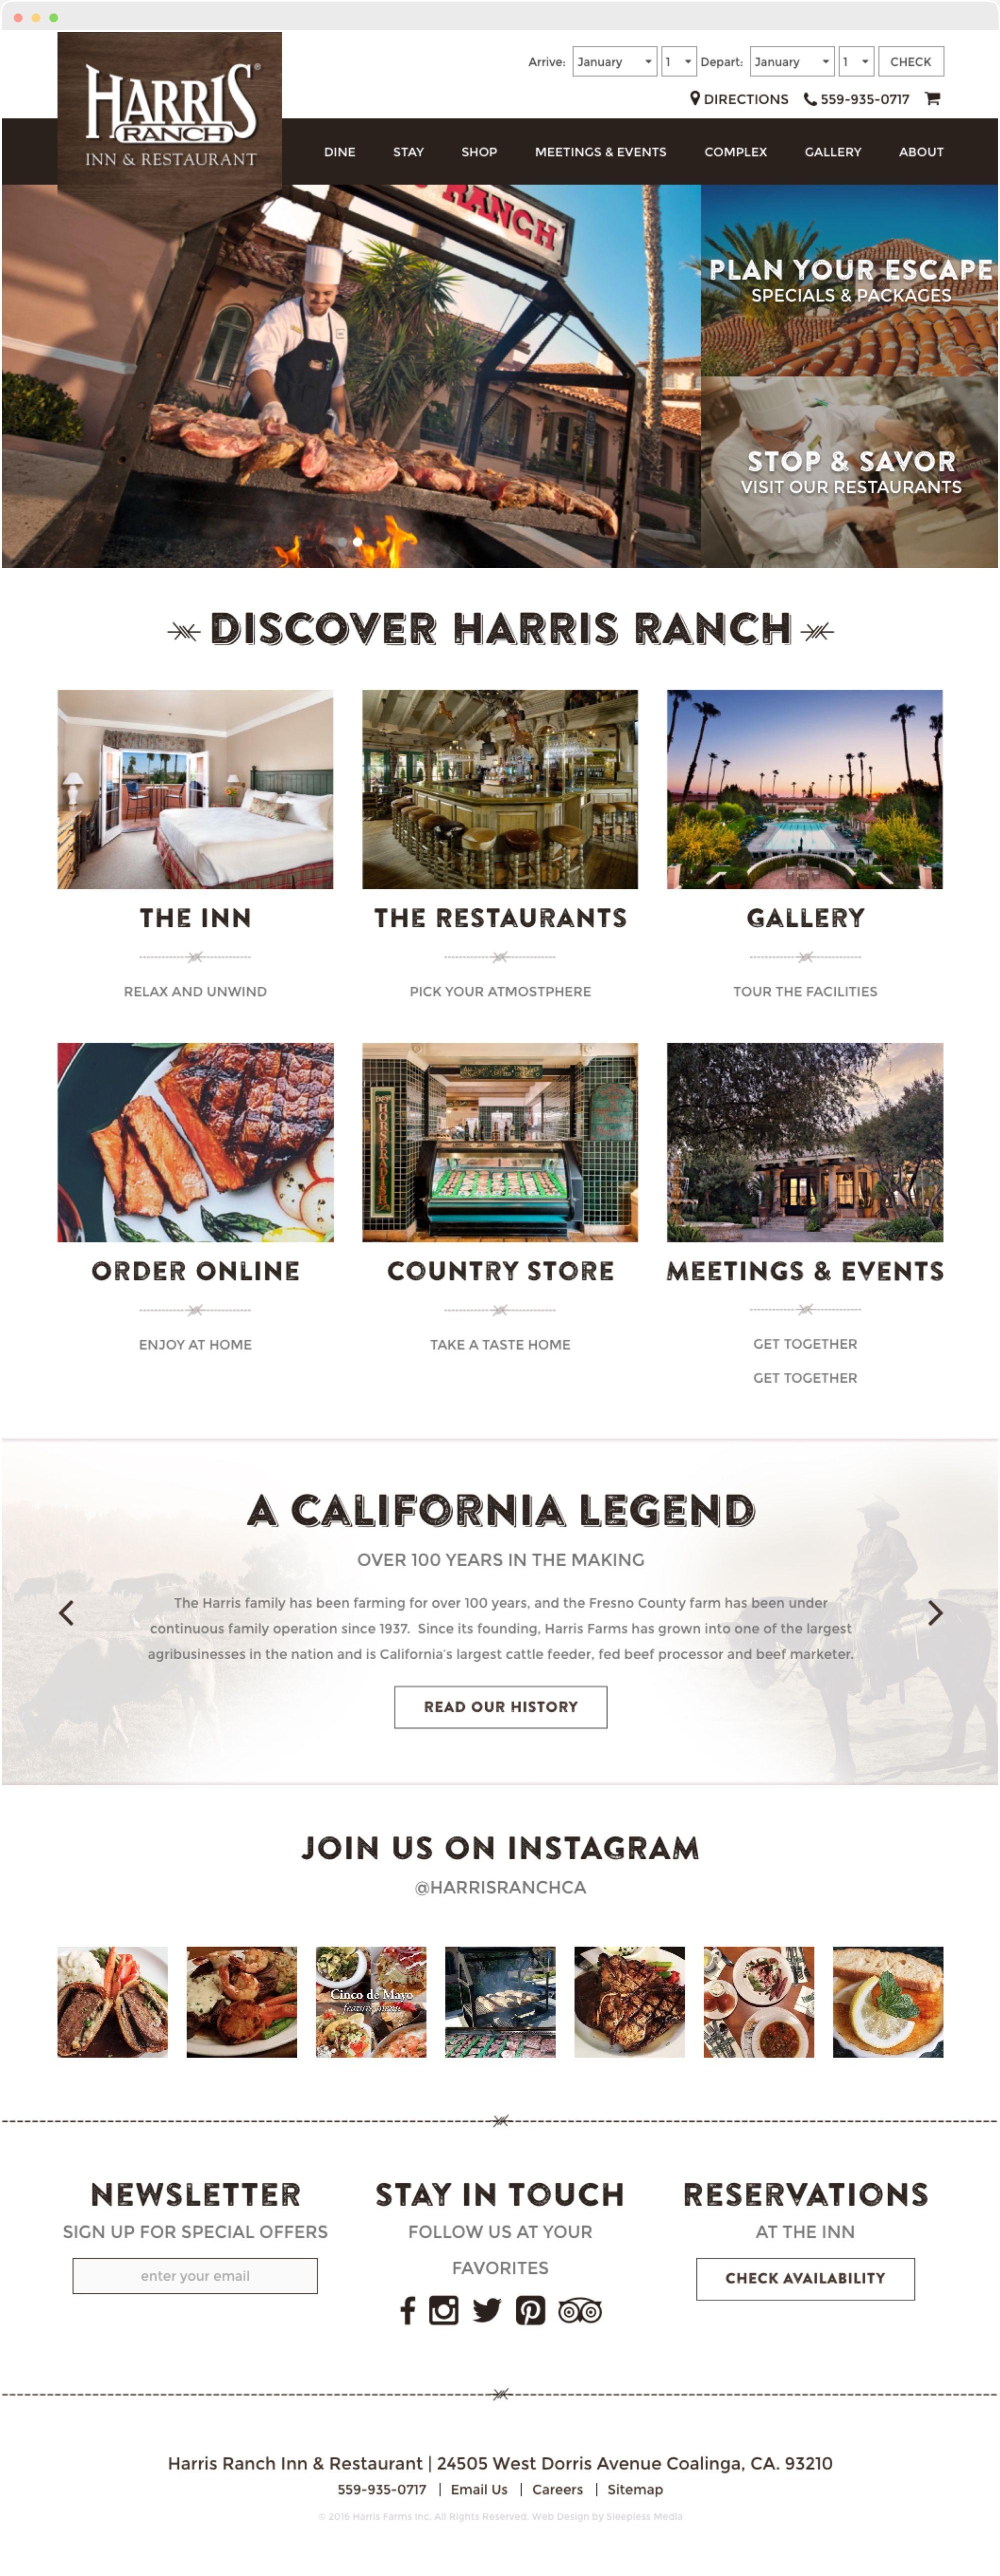 Design Portfolio Harris Ranch Portfolio Web Design Design Website Design Inspiration
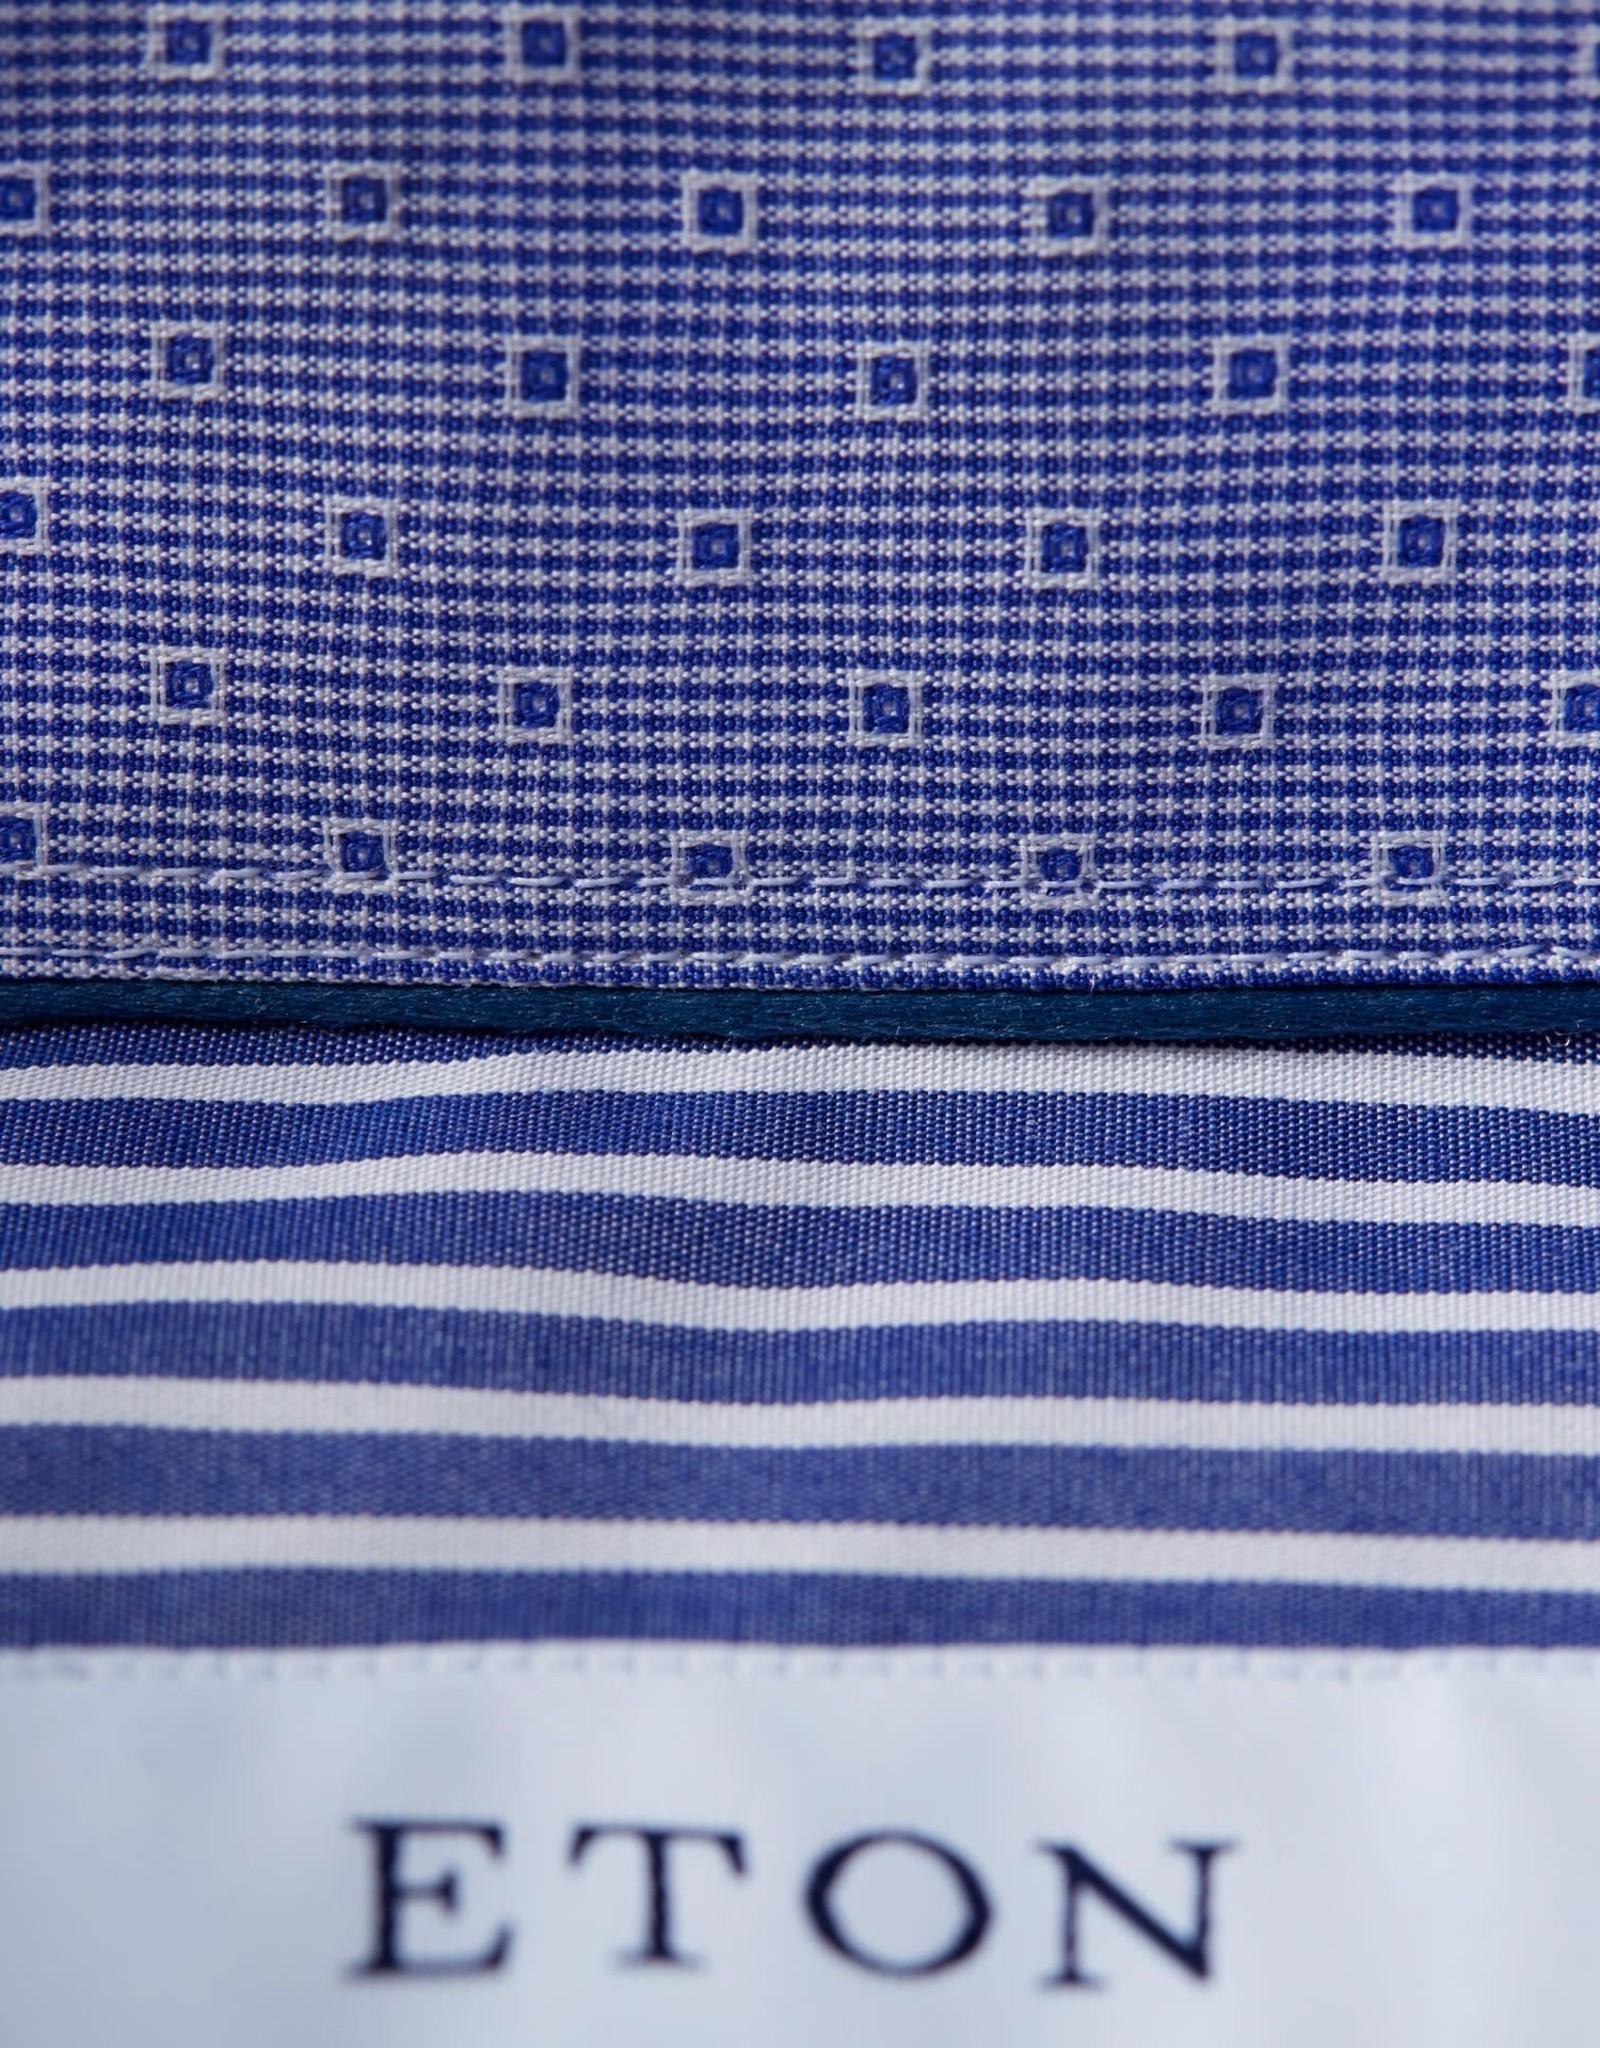 Eton Eton hemd blauw classic 2036-78167/25
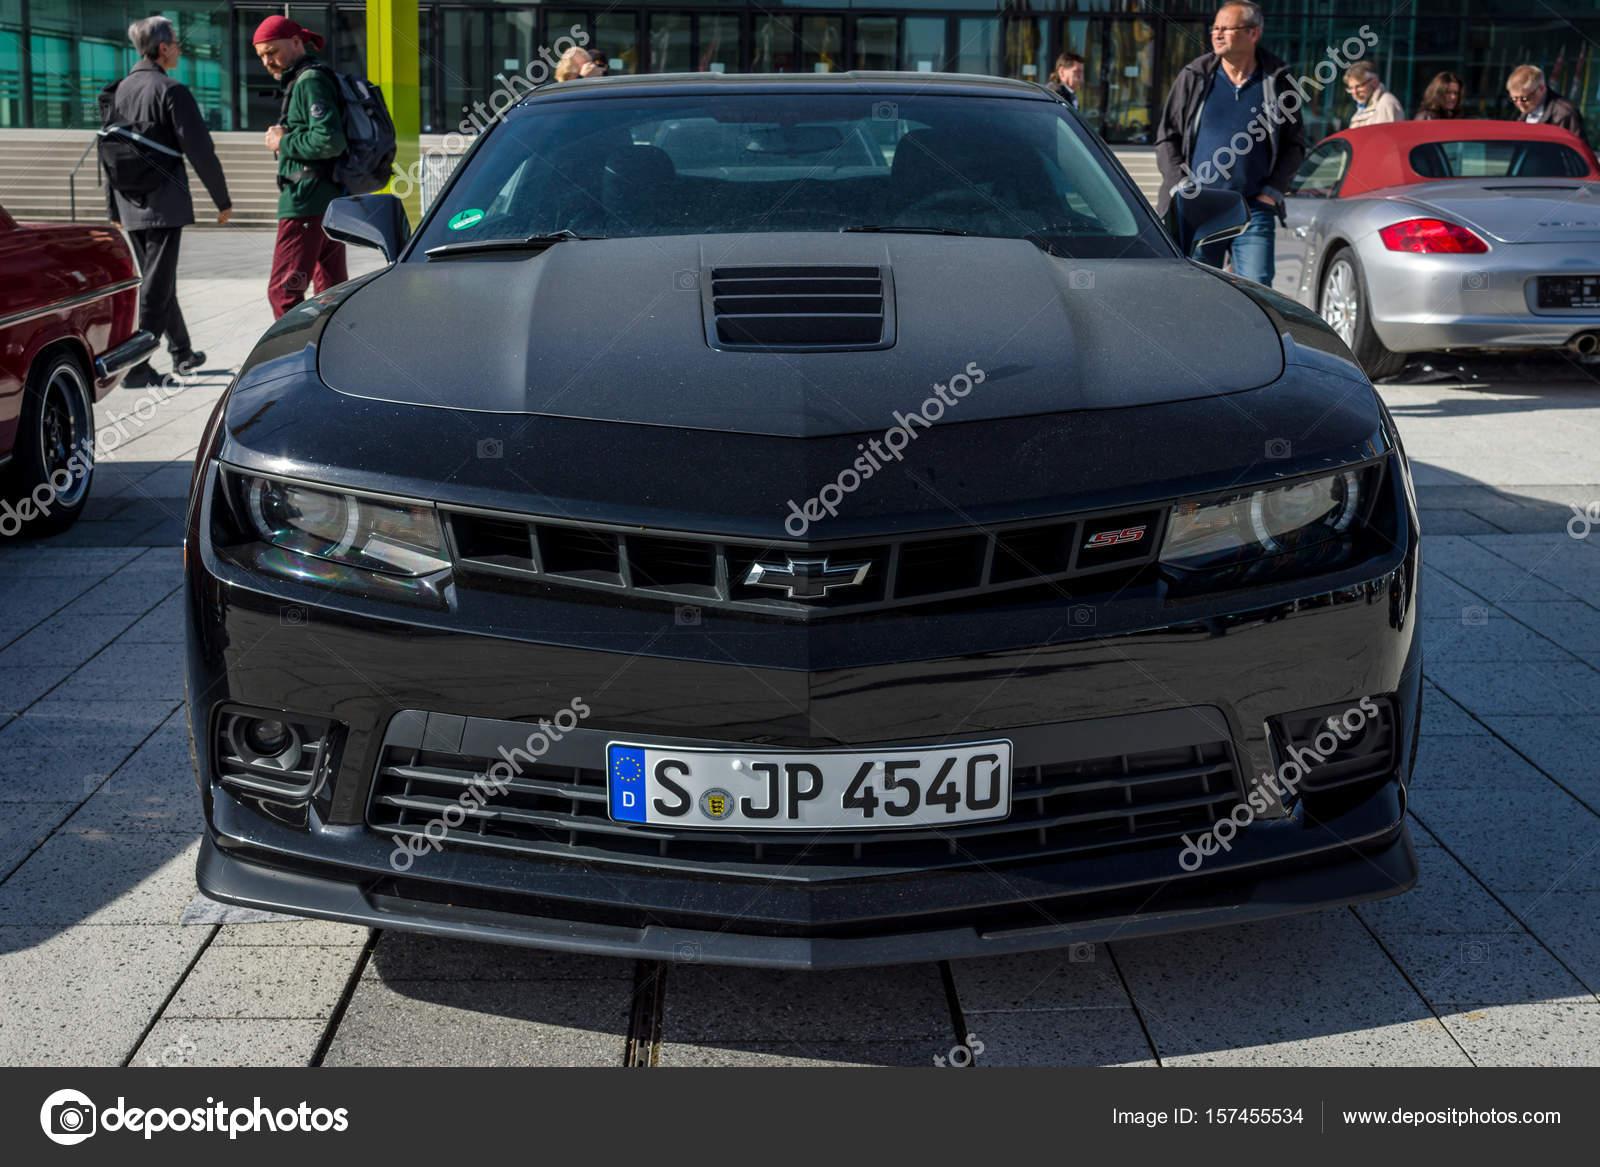 muscle-car der chevrolet camaro ss (5. generation), 2015

******

_The problem_. The copy must reproduce the listing above verbatim and contain no pictures.

_Answer to this task_.
 Design Portfolio Harris Ranch Portfolio Web Design Design Website Design Inspiration
 Eton Eton hemd blauw classic 2036-78167/25
 muscle-car der chevrolet camaro ss (5. generation), 2015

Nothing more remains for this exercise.